Lawyer fees mount in crypto bankruptcies
The investment bank B Riley is so determined to persuade the troubled bitcoin miner Core Scientific to avoid filing for bankruptcy that it has offered as much as $72mn in fresh financing to keep the company from seeking a court-supervised Chapter 11 restructuring.
“Bankruptcy is not the answer and would be a disservice to the Company’s investors,” B Riley wrote in a letter from early December. “It will destroy value for the Company’s shareholders, reduce potential recoveries for the Company’s lenders, deplete its limited resources and create massive uncertainty for all its stakeholders.”
Core Scientific filed for bankruptcy anyway last week. Still, B Riley’s aversion should be understandable. A series of players have succumbed to the ongoing crypto winter including FTX, BlockFi, Voyager Digital and Celsius with customer accounts largely frozen. The novel legal issues about digital asset ownership, the continuing problems in the sector and the deliberative nature of US bankruptcy proceedings have kept any of the major companies from exiting court protection yet. The costs are piling up and account holders are noticing.
Lawyers, bankers and other advisers in the Celsius case that began in July recently submitted detailed fee requests to the New York federal bankruptcy court totalling $53mn. Per US law, these official advisers will have these so-called “administrative expenses”, subject to court approval, paid by the “estate” or the company which will naturally eat into the recoveries of account holders.

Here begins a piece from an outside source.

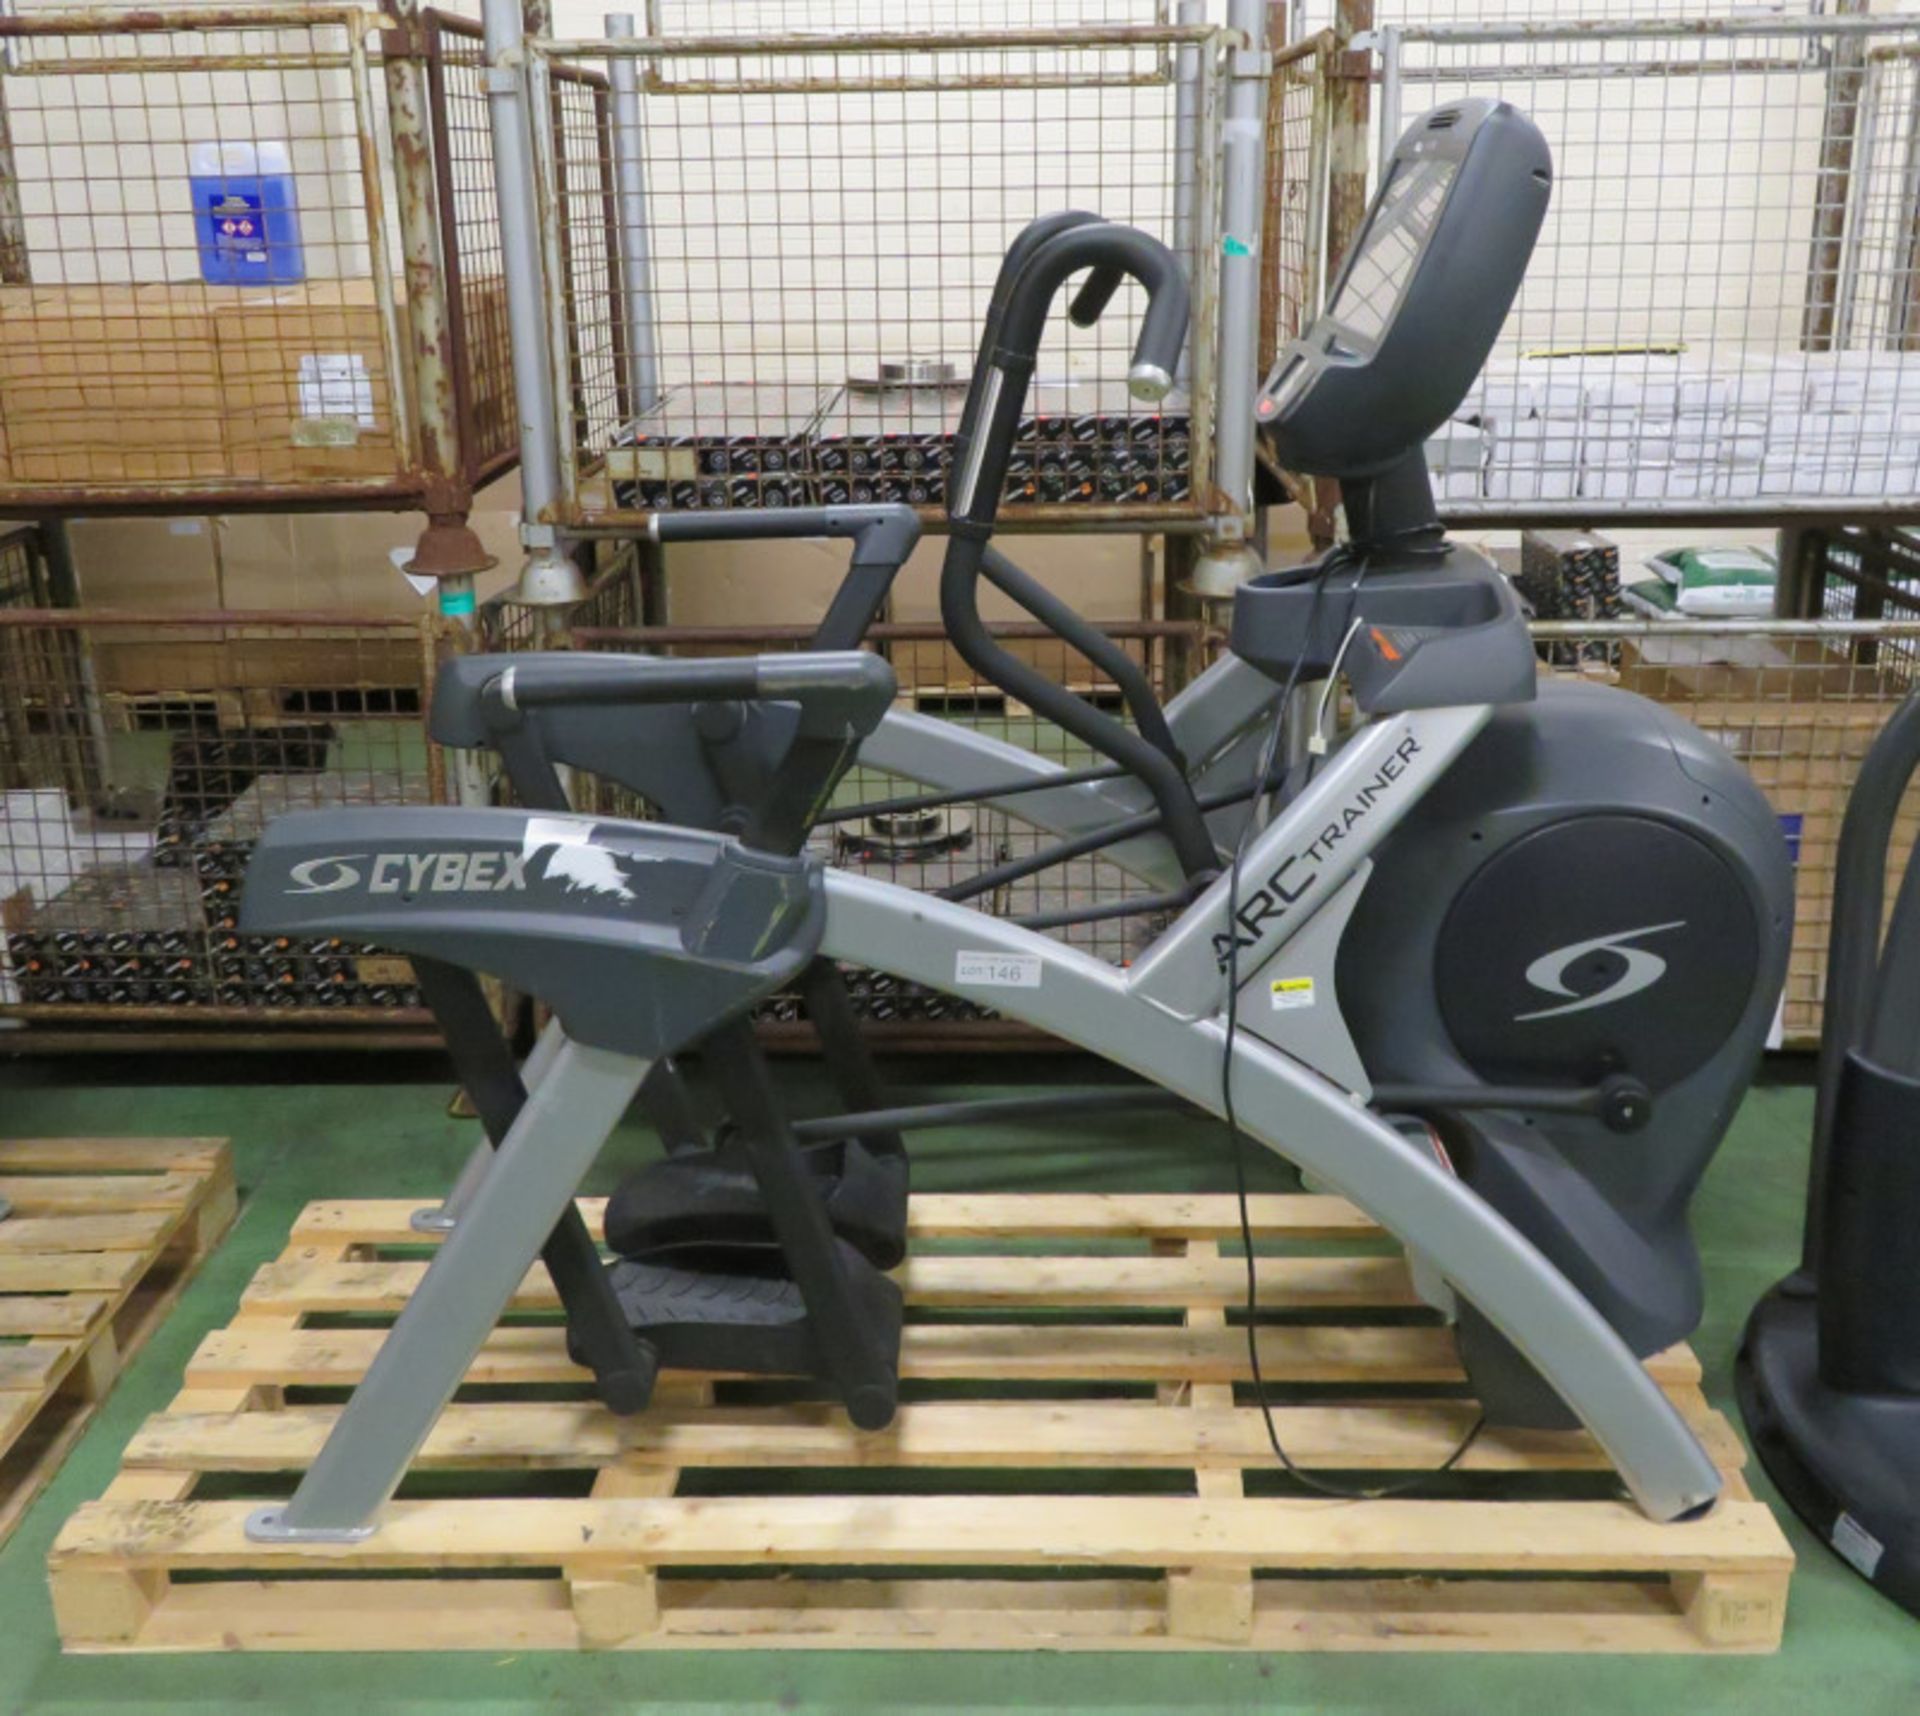 Cybex Arc Trainer cross trainer - model 772AT

Law firms involved including Kirkland & Ellis and White & Case which are usual powerhouses in corporate and private equity bankruptcies are involved in Celsius and have top lawyers billing more than $1,800 per hour. (This may remain a bargain as top lawyers in the FTX bankruptcy at Sullivan & Cromwell are charging in excess of $2,000 per hour).

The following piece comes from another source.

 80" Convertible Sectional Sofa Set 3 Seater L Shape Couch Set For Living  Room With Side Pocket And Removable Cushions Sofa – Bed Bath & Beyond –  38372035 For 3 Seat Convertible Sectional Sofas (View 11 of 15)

Frustrated Celsius account holders are taking to Twitter to complain about the costs and slow progress. “It is a lot of money,” conceded one top lawyer in the case.
Celsius has said that it has slashed annual labour and operating costs by more than 60 per cent during the case, or around $100mn, but its liquidity remains challenged as the majority of its “traditional income sources have been eliminated”, according to court papers.
A company consultant testified in the bankruptcy court hearing that selling $18mn worth of stablecoins would allow Celsius to survive another month past its March estimate of exhausted liquidity.
Legal and operational issues presented in crypto bankruptcies have forced Celsius and its creditors to hire a variety of experts. In addition to Kirkland & Ellis, it has hired specialist legal counsel from Latham and Watkins and Akin Gump. An official committee of unsecured creditors has also hired a consultant, Elementus, as “blockchain forensics adviser”.
The bankruptcy court also has allowed an independent “examiner” to investigate the events leading up to the bankruptcy. The examiner herself hired a law firm and financial expert for which Celsius is picking up the tab.
Among the thorny legal issues for Celsius to be decided in court is resolving whether account holders who lent their crypto on the platform to earn high interest rates are simply in the pool of unsecured creditors or otherwise have specific claims on specific crypto assets. A ruling on the matter will guide whether the company can sell the $18mn worth of stablecoins.
Crypto lenders and exchanges almost have no possibility of avoiding bankruptcy when facing a bank run among customer deposits. The court is uniquely positioned to bring order to the process of finding assets and determining a restructuring plan.
But there is little way for the process to move quickly, with all sides — company management, account holders, investors — getting a voice in court. The continued chaos in the sector has not helped maintain cryptocurrency prices while accounts are frozen, further frustrating customers.
Nancy Rapaport, a law professor at the University of Nevada, says players in bankruptcy are often inexperienced and reliant on the judgment of their expensive advisers.
Worries about fees have not gone totally unchallenged in the Celsius case. A former bankruptcy judge, Christopher Sontchi has been appointed by the court as a so-called “fee examiner” to scrutinise the expenditures for professional services firms. Sontchi will bill his time at $1,500 per hour.